● **Work instructions**: For this task, output exactly the lines of the material below starting at the line with "2012 Jeep Wrangler" and ending at the line with "Incredible Friendship Of"; pictures are to be excluded.

● **Given information**:
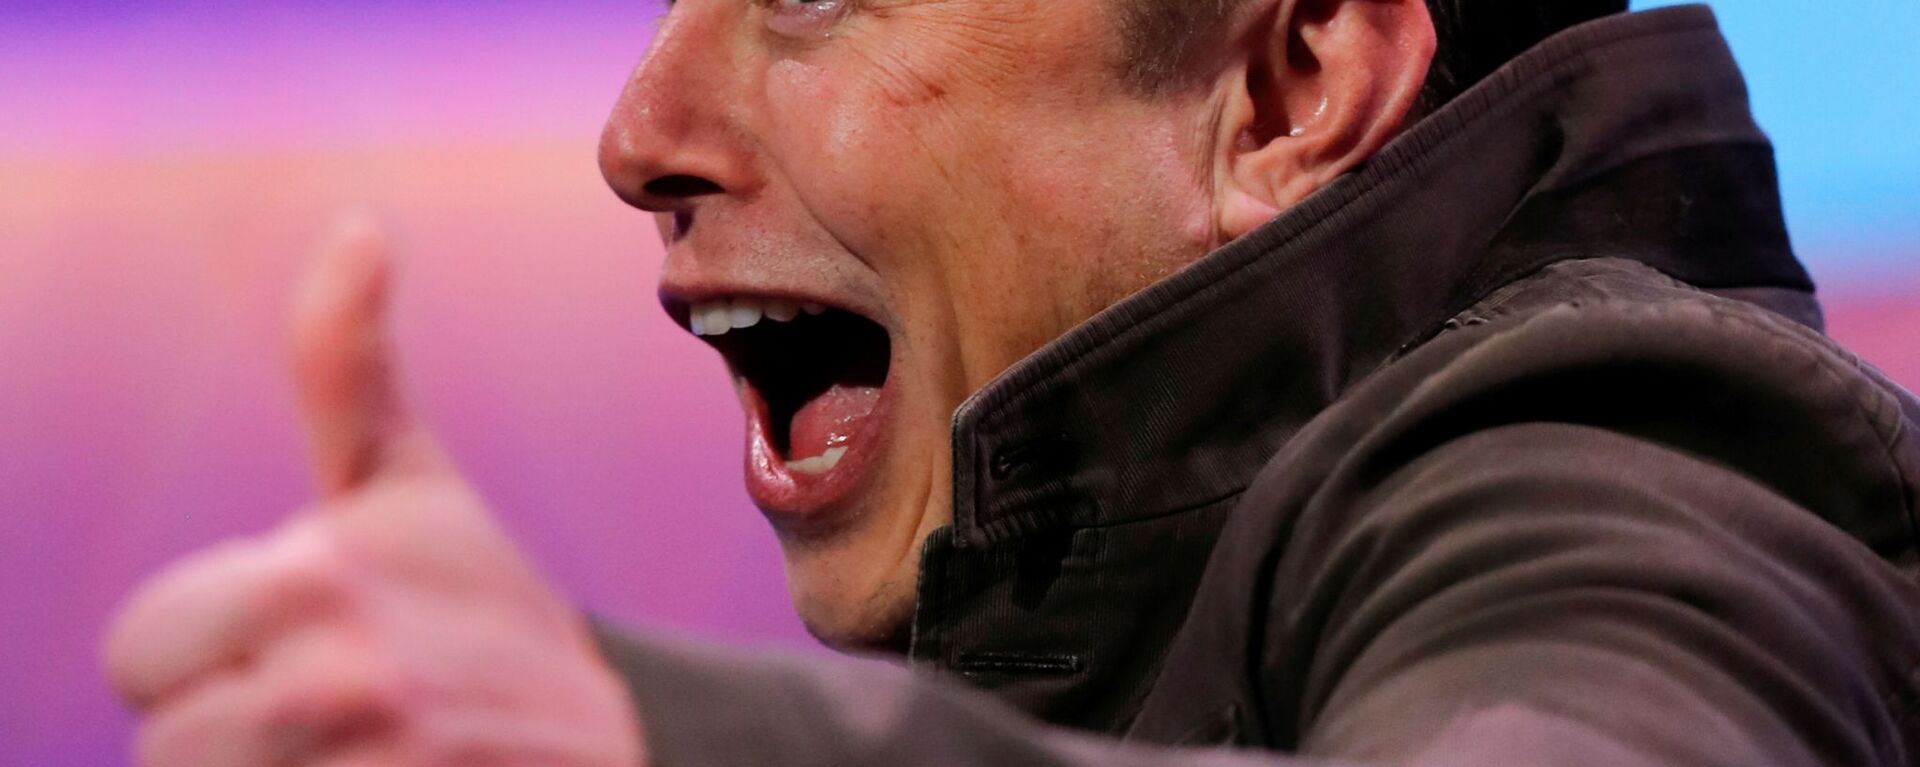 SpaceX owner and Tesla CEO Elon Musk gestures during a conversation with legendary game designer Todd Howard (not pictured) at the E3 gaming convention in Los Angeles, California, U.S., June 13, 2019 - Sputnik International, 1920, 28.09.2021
---
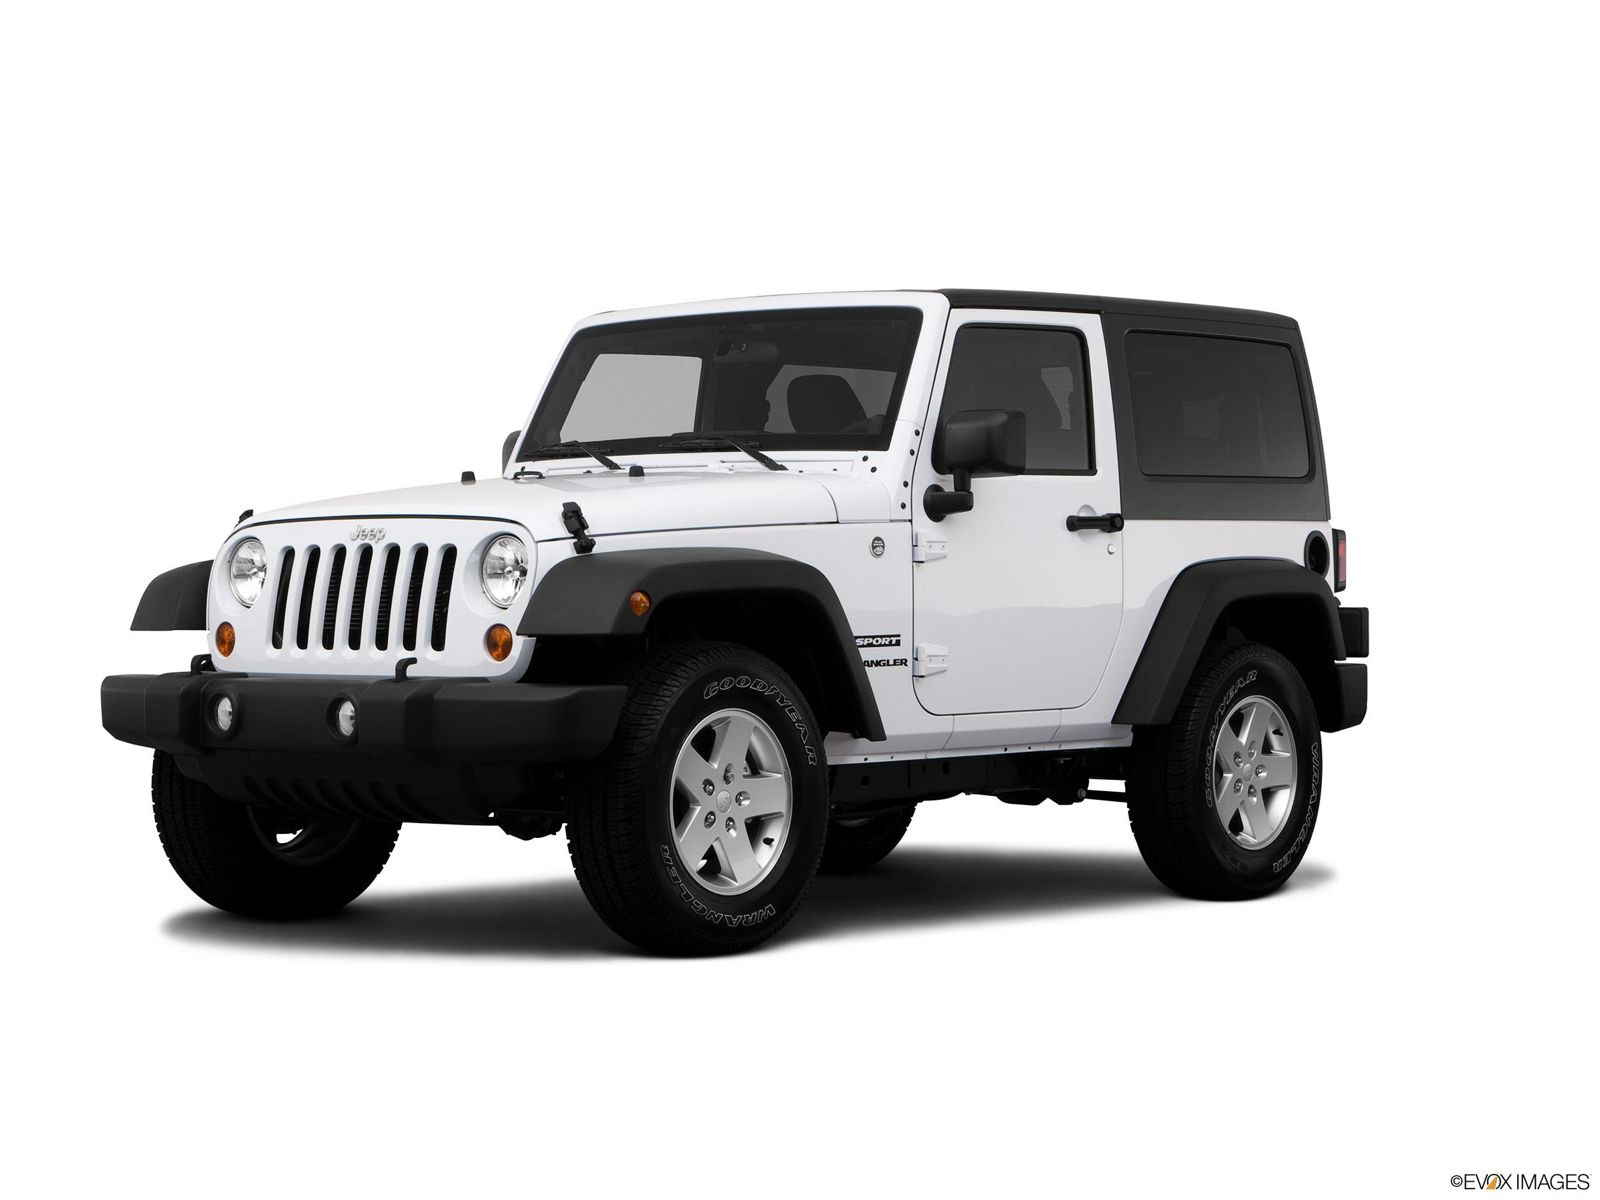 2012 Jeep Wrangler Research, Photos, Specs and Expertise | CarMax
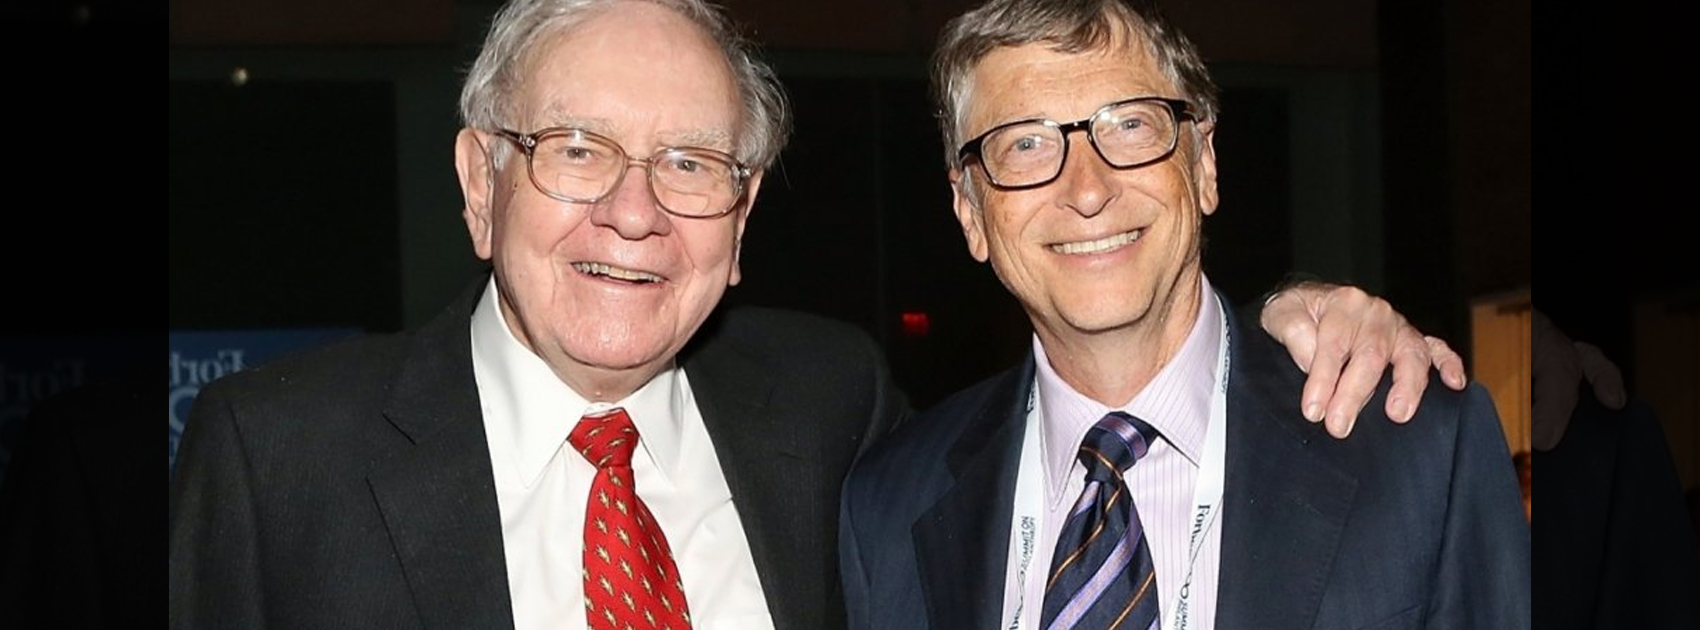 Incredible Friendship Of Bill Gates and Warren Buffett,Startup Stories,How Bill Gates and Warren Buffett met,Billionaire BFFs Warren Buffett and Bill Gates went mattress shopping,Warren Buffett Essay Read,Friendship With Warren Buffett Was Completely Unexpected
--
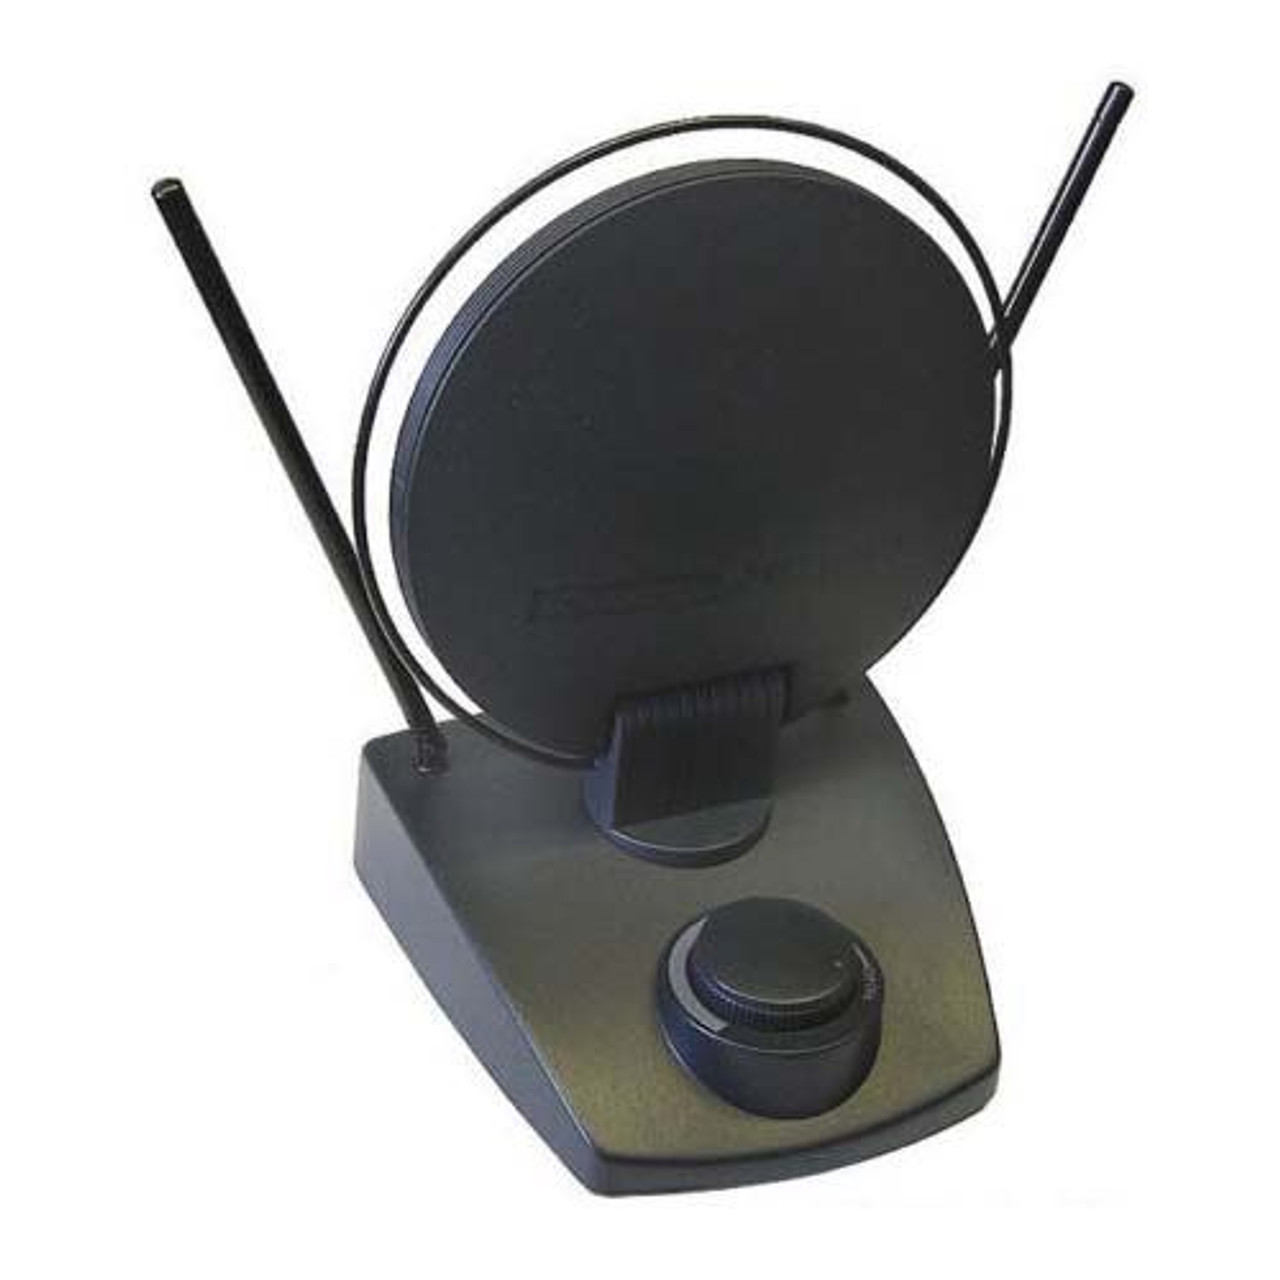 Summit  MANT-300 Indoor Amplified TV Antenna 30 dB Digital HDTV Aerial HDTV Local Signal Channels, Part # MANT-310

● **Response box**:
 2012 Jeep Wrangler Research, Photos, Specs and Expertise | CarMax
 Incredible Friendship Of Bill Gates and Warren Buffett,Startup Stories,How Bill Gates and Warren Buffett met,Billionaire BFFs Warren Buffett and Bill Gates went mattress shopping,Warren Buffett Essay Read,Friendship With Warren Buffett Was Completely Unexpected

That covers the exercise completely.